[Opening Available data section]

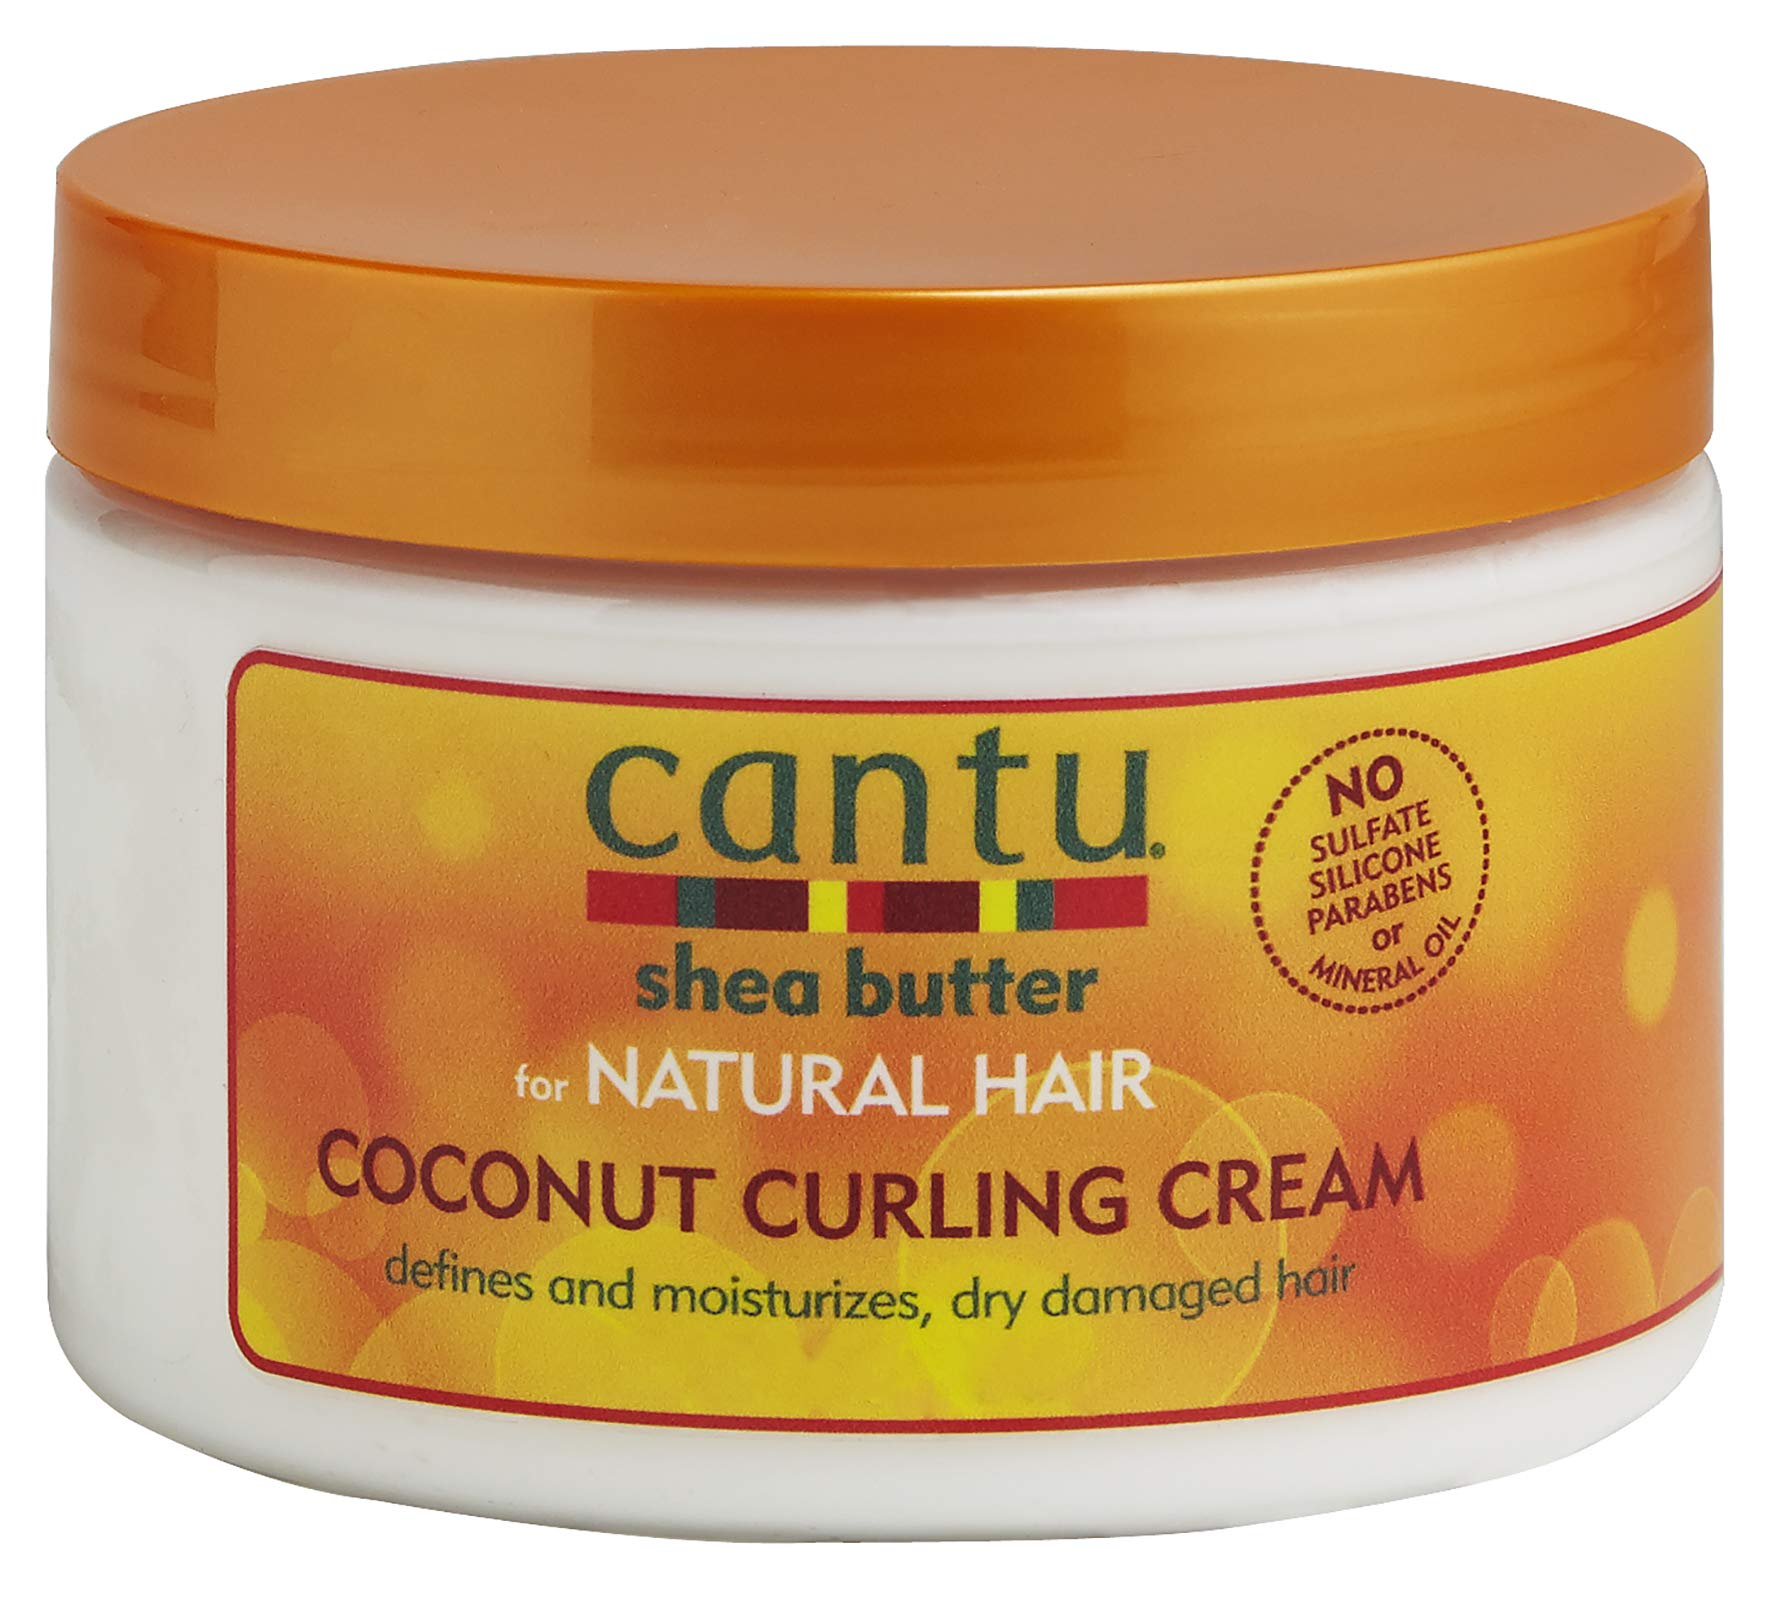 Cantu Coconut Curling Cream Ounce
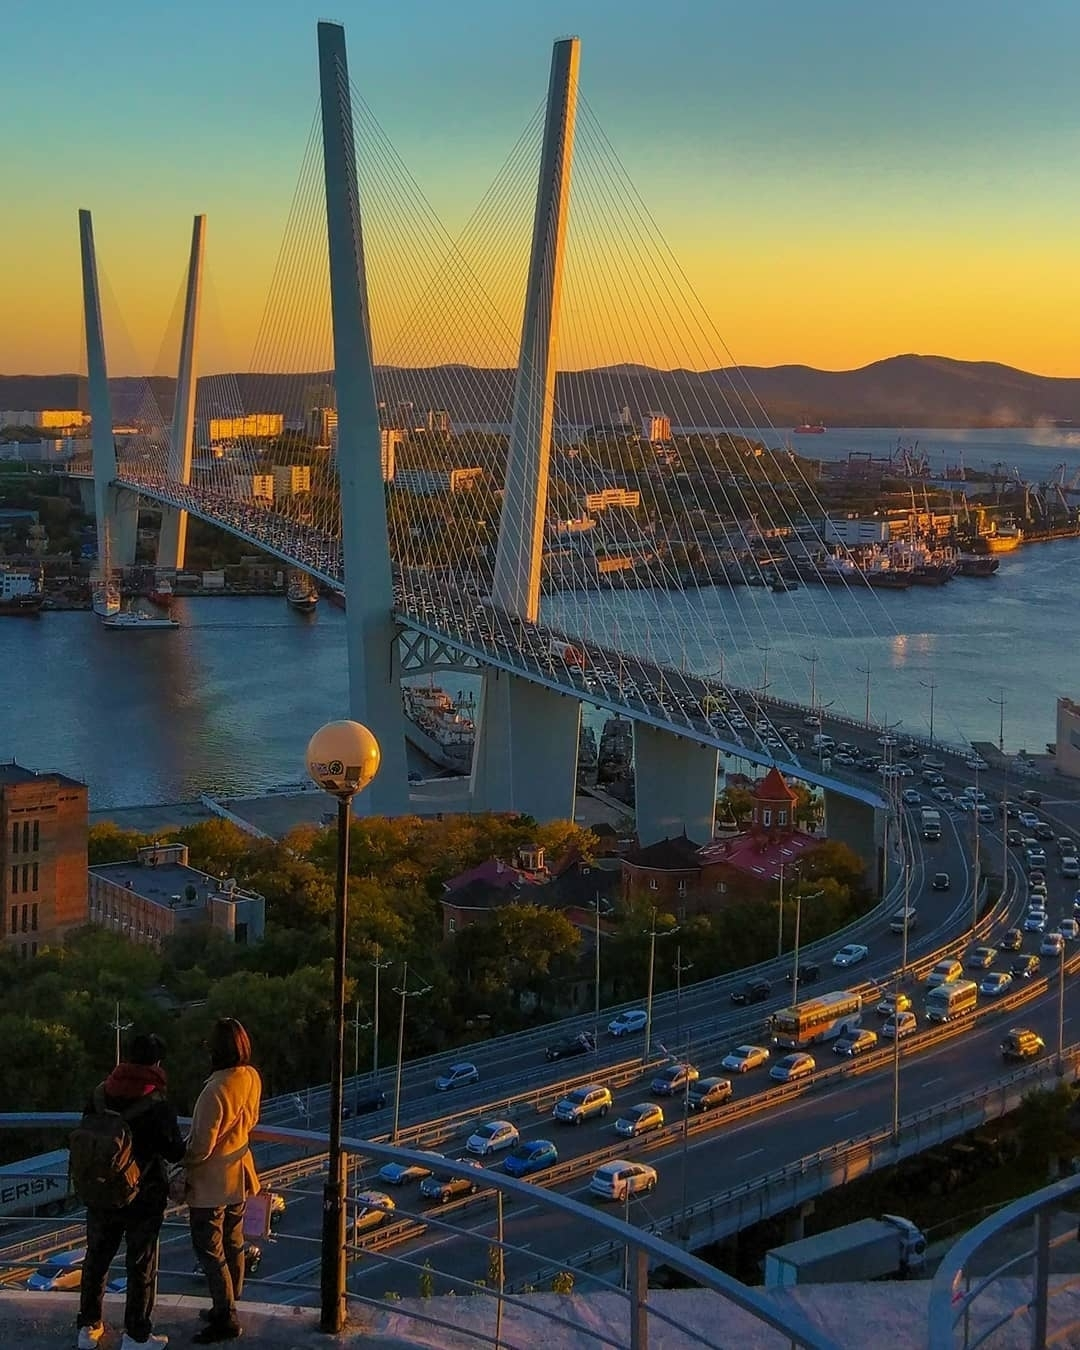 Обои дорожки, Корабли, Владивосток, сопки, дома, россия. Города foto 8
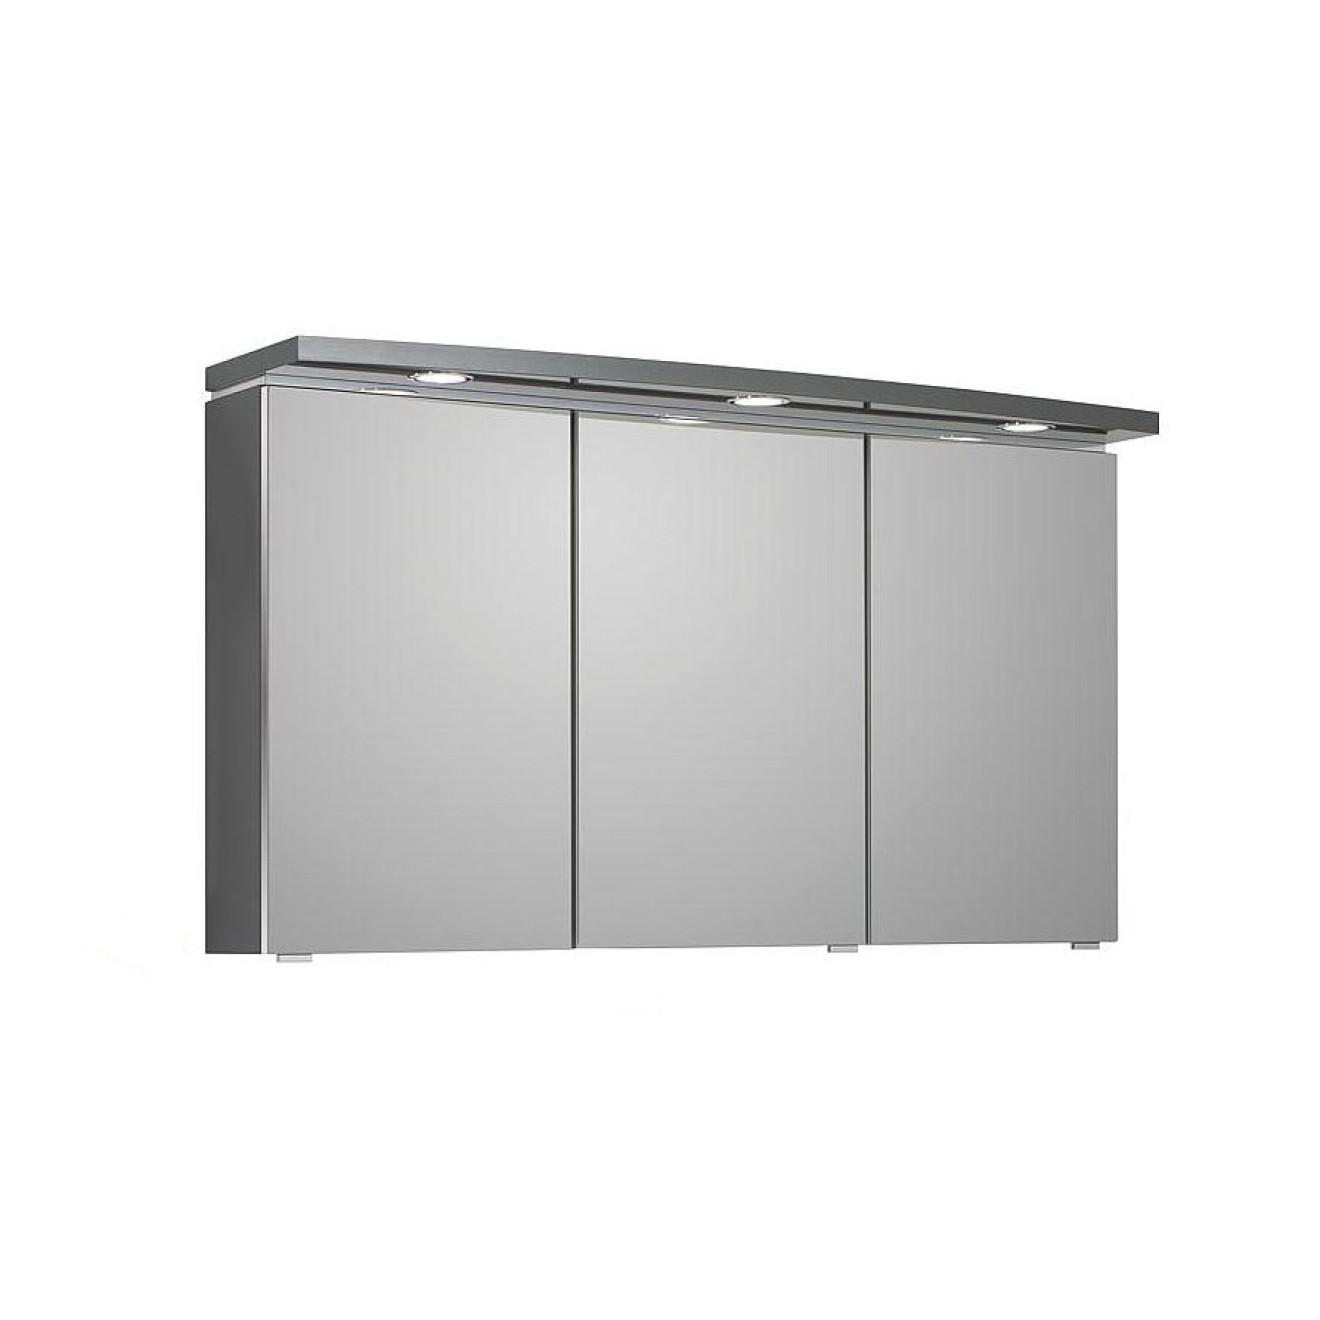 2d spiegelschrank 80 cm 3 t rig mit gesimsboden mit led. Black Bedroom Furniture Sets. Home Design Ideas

[Closing Available data section]

Please output each line above exactly and omit all images.

 Cantu Coconut Curling Cream Ounce
 Обои дорожки, Корабли, Владивосток, сопки, дома, россия. Города foto 8
 2d spiegelschrank 80 cm 3 t rig mit gesimsboden mit led. Black Bedroom Furniture Sets. Home Design Ideas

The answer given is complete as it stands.